(Raw data)

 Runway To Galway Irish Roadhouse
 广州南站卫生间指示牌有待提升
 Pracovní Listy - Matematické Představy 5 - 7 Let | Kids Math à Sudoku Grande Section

(End Raw data)

• **What the task requires**:
Print nothing but the lines from the one containing "广州南站卫生间指示牌有待提升" through the end of the listing above, exactly as written.

• **Finished task**:
 广州南站卫生间指示牌有待提升
 Pracovní Listy - Matematické Představy 5 - 7 Let | Kids Math à Sudoku Grande Section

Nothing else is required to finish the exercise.